> Recorded information:
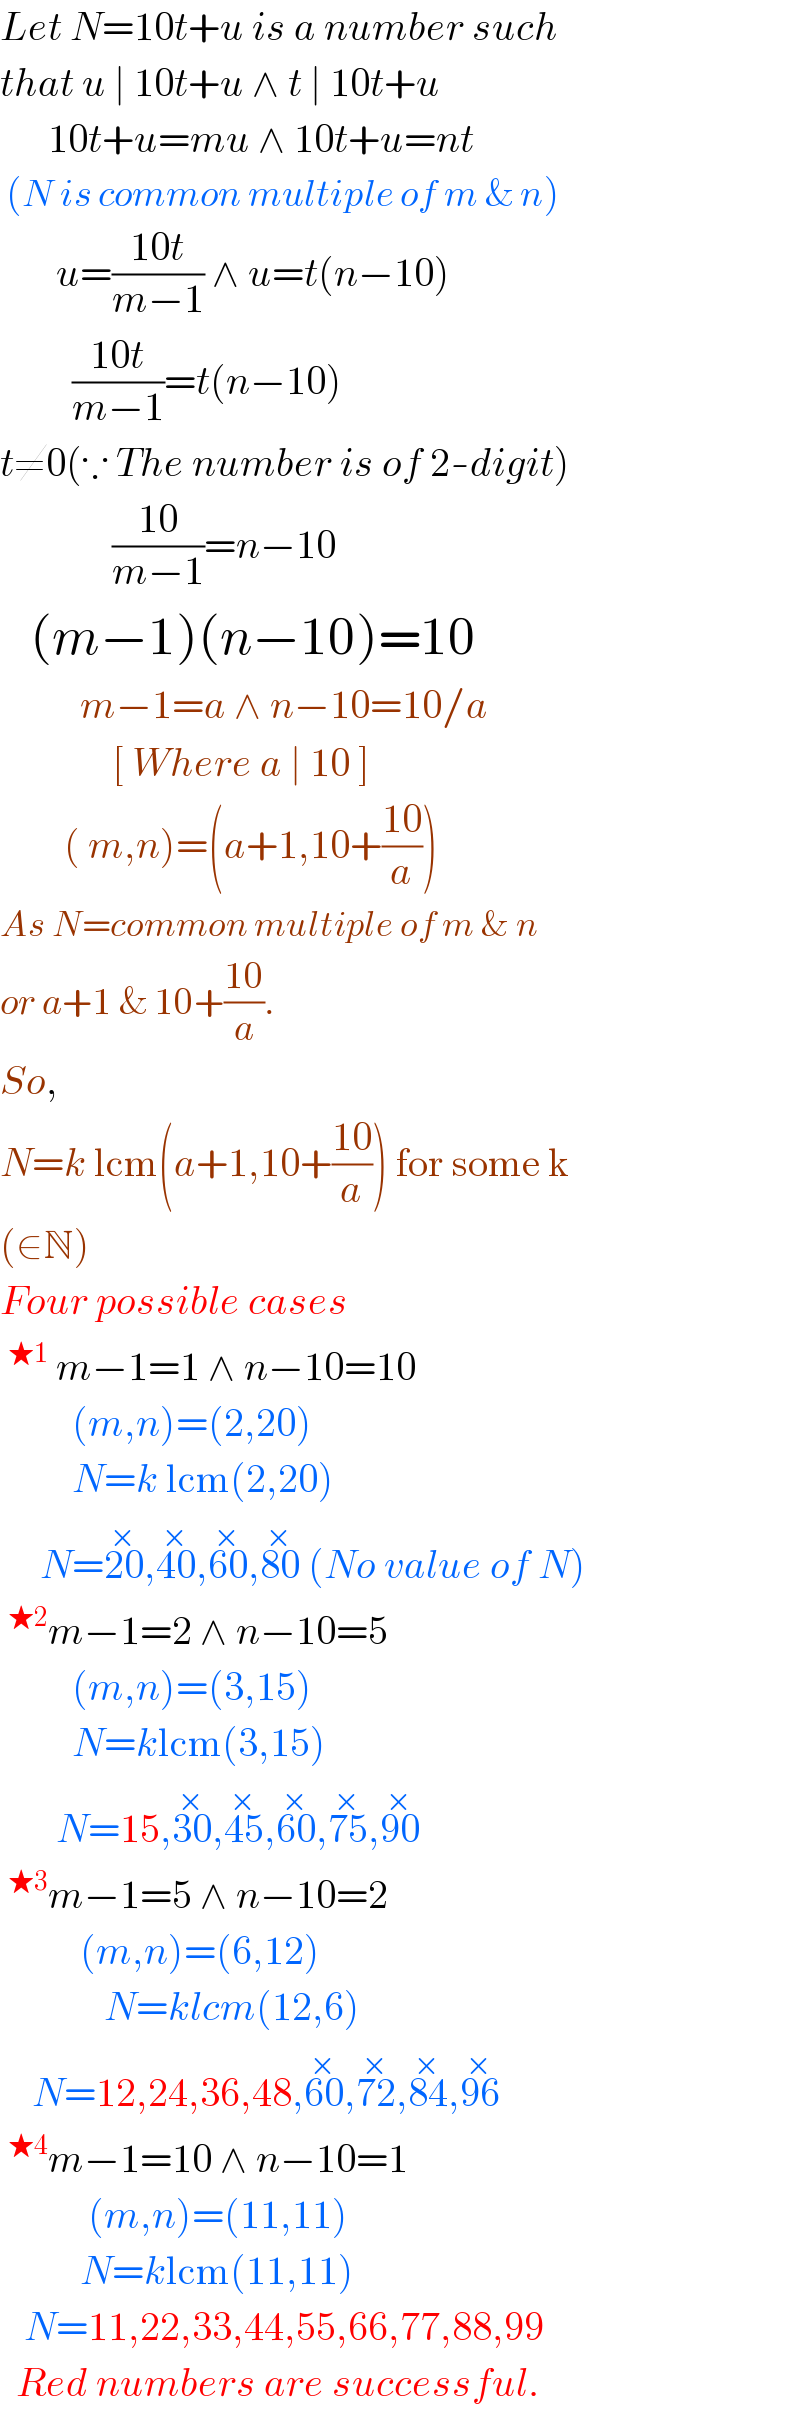 Let N=10t+u is a number such  that u ∣ 10t+u ∧ t ∣ 10t+u        10t+u=mu ∧ 10t+u=nt   (N is common multiple of m & n)         u=((10t)/(m−1)) ∧ u=t(n−10)           ((10t)/(m−1))=t(n−10)  t≠0(∵ The number is of 2-digit)                ((10)/(m−1))=n−10     (m−1)(n−10)=10            m−1=a ∧ n−10=10/a                [ Where a ∣ 10 ]          ( m,n)=(a+1,10+((10)/a))  As N=common multiple of m & n  or a+1 & 10+((10)/a).   So,  N=k lcm(a+1,10+((10)/a)) for some k  (∈N)  Four possible cases  ^(★1)  m−1=1 ∧ n−10=10           (m,n)=(2,20)           N=k lcm(2,20)       N=20^(×) ,40^(×) ,60^(×) ,80^(×)  (No value of N)  ^(★2) m−1=2 ∧ n−10=5           (m,n)=(3,15)           N=klcm(3,15)         N=15,30^(×) ,45^(×) ,60^(×) ,75^(×) ,90^(×)   ^(★3) m−1=5 ∧ n−10=2            (m,n)=(6,12)               N=klcm(12,6)      N=12,24,36,48,60^(×) ,72^(×) ,84^(×) ,96^(×)   ^(★4) m−1=10 ∧ n−10=1             (m,n)=(11,11)            N=klcm(11,11)     N=11,22,33,44,55,66,77,88,99    Red numbers are successful.  
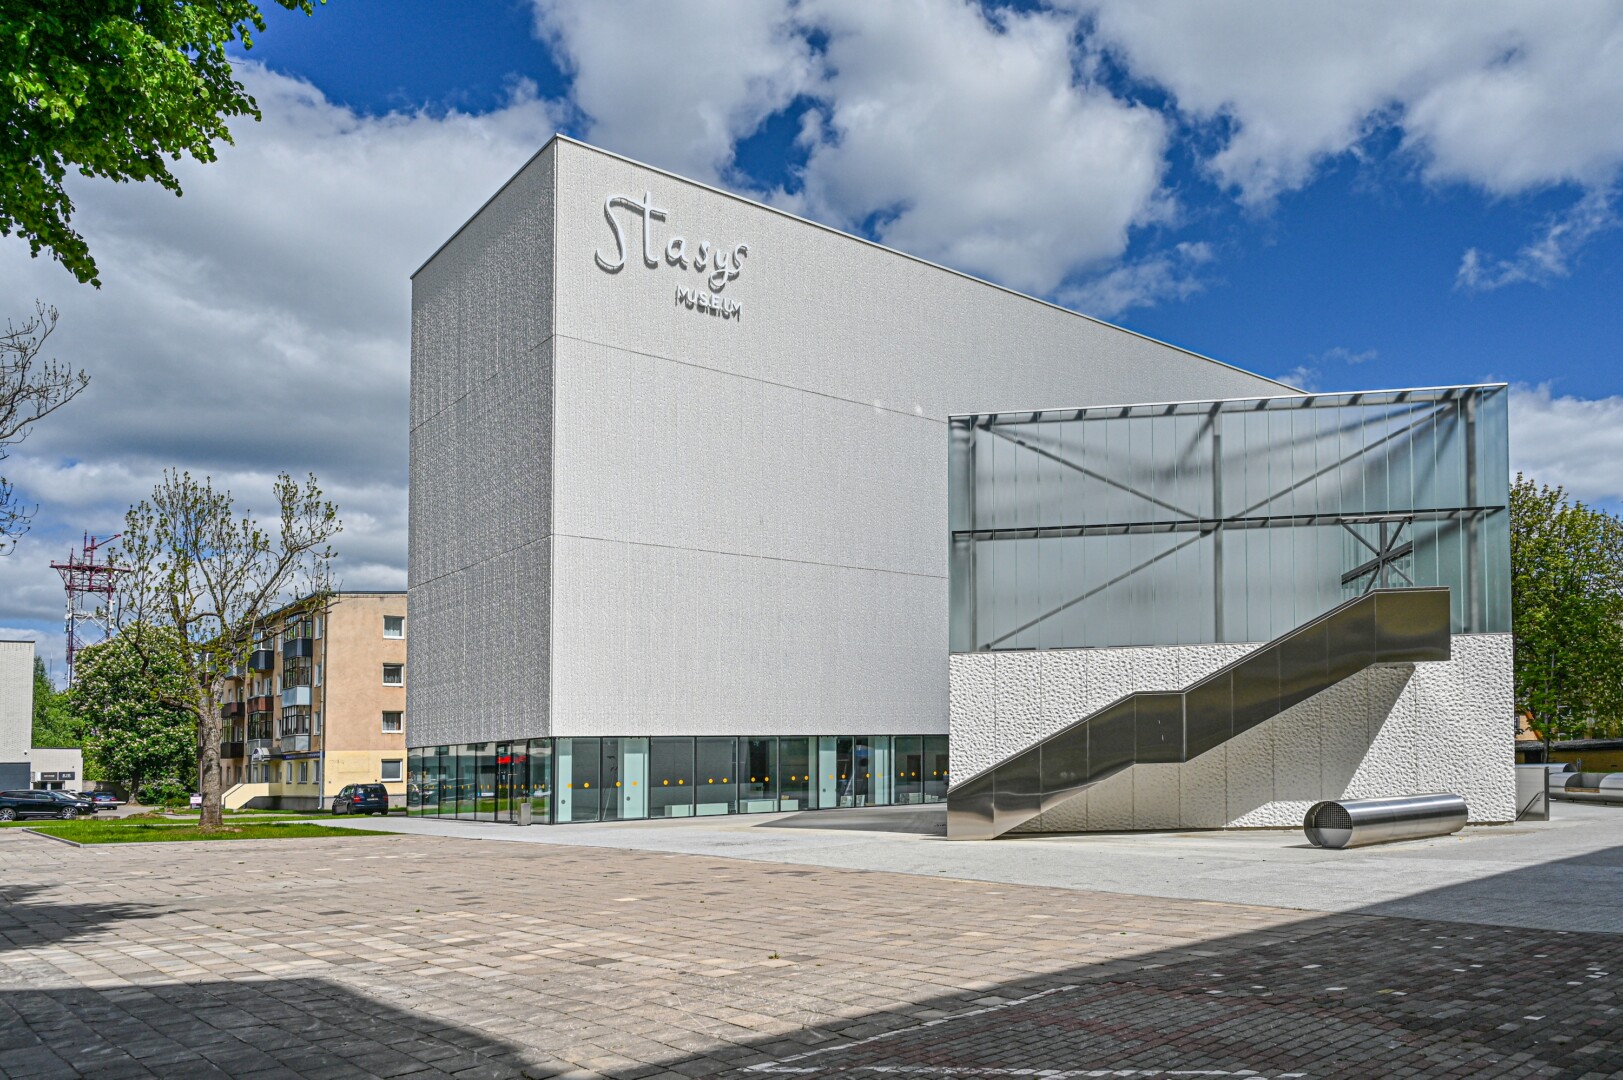 Gegužės 31-ąją atidaromas „Stasys Museum“ tapo postūmiu miesto kultūros įstaigoms pakoreguoti savo darbo grafikus. G. KARTANO nuotr.
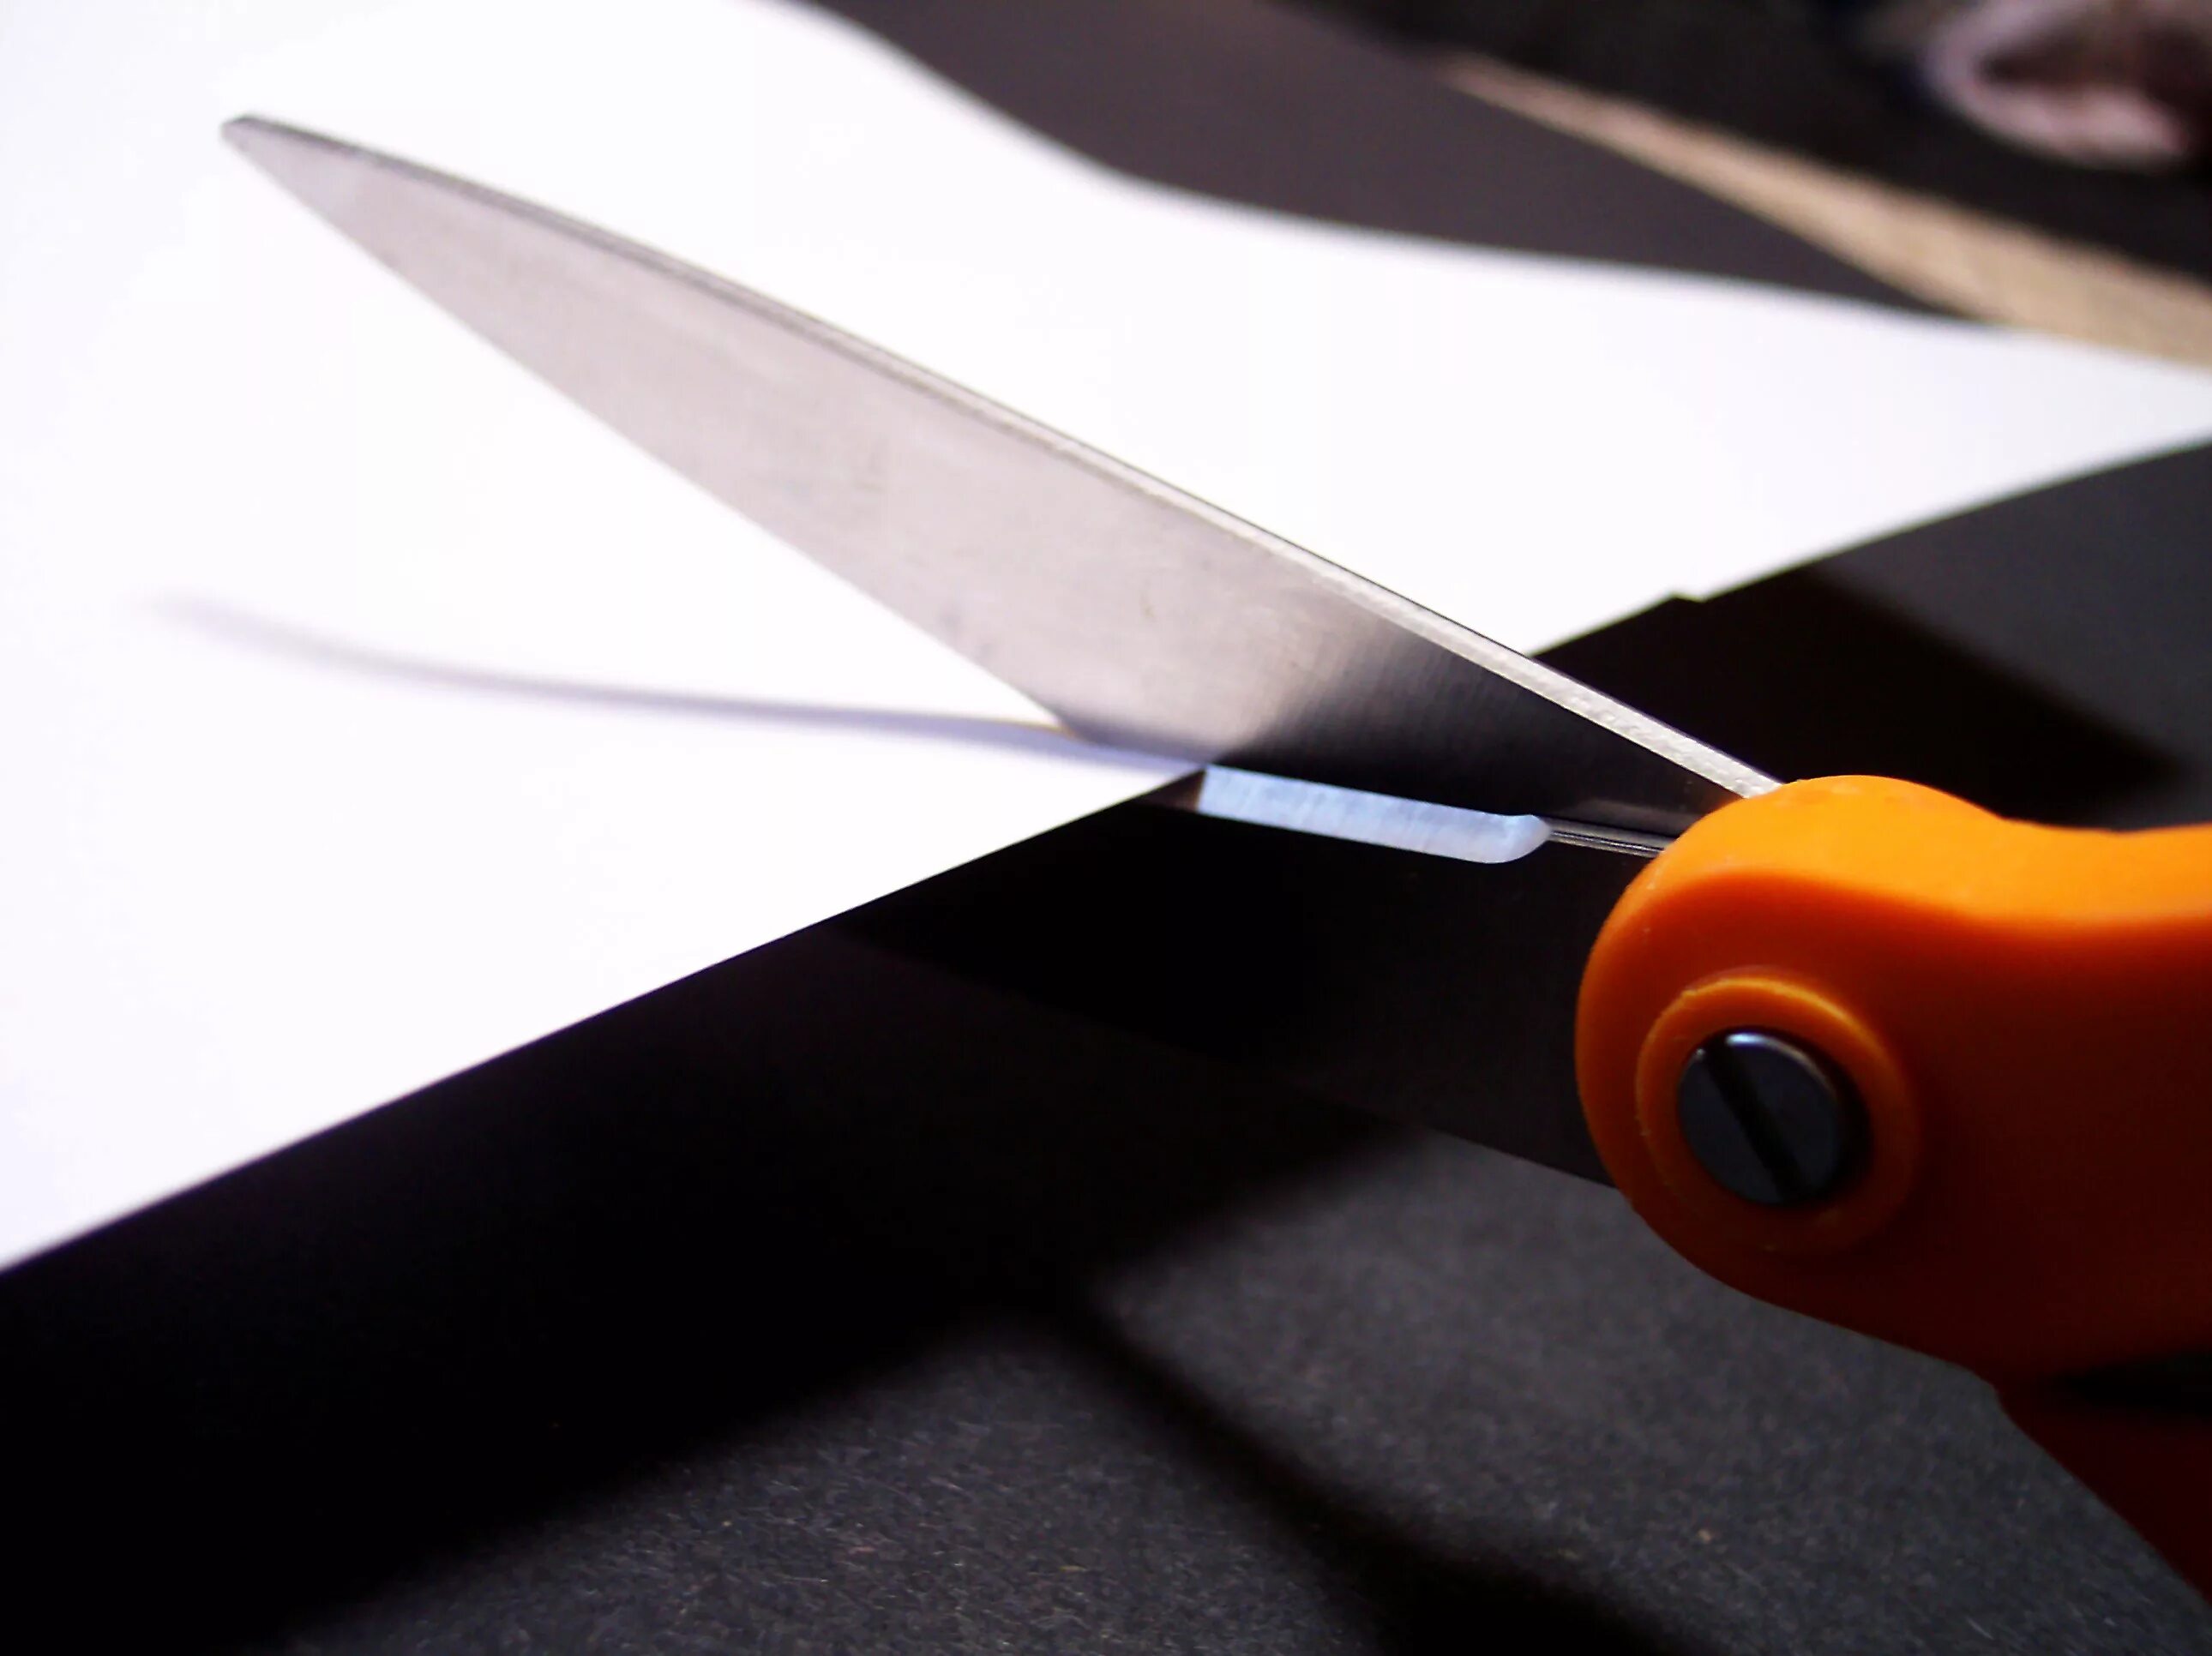 Cutting scissors. Отрезать ножницами. Разрезание бумаги ножницами. Ножницы режущие бумагу. Ножницы режут бумагу.

> Exercise goal: Output all of the listing above, exactly as given, but without its pictures.

> Solution below:
 Let N=10t+u is a number such  that u ∣ 10t+u ∧ t ∣ 10t+u        10t+u=mu ∧ 10t+u=nt   (N is common multiple of m & n)         u=((10t)/(m−1)) ∧ u=t(n−10)           ((10t)/(m−1))=t(n−10)  t≠0(∵ The number is of 2-digit)                ((10)/(m−1))=n−10     (m−1)(n−10)=10            m−1=a ∧ n−10=10/a                [ Where a ∣ 10 ]          ( m,n)=(a+1,10+((10)/a))  As N=common multiple of m & n  or a+1 & 10+((10)/a).   So,  N=k lcm(a+1,10+((10)/a)) for some k  (∈N)  Four possible cases  ^(★1)  m−1=1 ∧ n−10=10           (m,n)=(2,20)           N=k lcm(2,20)       N=20^(×) ,40^(×) ,60^(×) ,80^(×)  (No value of N)  ^(★2) m−1=2 ∧ n−10=5           (m,n)=(3,15)           N=klcm(3,15)         N=15,30^(×) ,45^(×) ,60^(×) ,75^(×) ,90^(×)   ^(★3) m−1=5 ∧ n−10=2            (m,n)=(6,12)               N=klcm(12,6)      N=12,24,36,48,60^(×) ,72^(×) ,84^(×) ,96^(×)   ^(★4) m−1=10 ∧ n−10=1             (m,n)=(11,11)            N=klcm(11,11)     N=11,22,33,44,55,66,77,88,99    Red numbers are successful.  
 Gegužės 31-ąją atidaromas „Stasys Museum“ tapo postūmiu miesto kultūros įstaigoms pakoreguoti savo darbo grafikus. G. KARTANO nuotr.
 Cutting scissors. Отрезать ножницами. Разрезание бумаги ножницами. Ножницы режущие бумагу. Ножницы режут бумагу.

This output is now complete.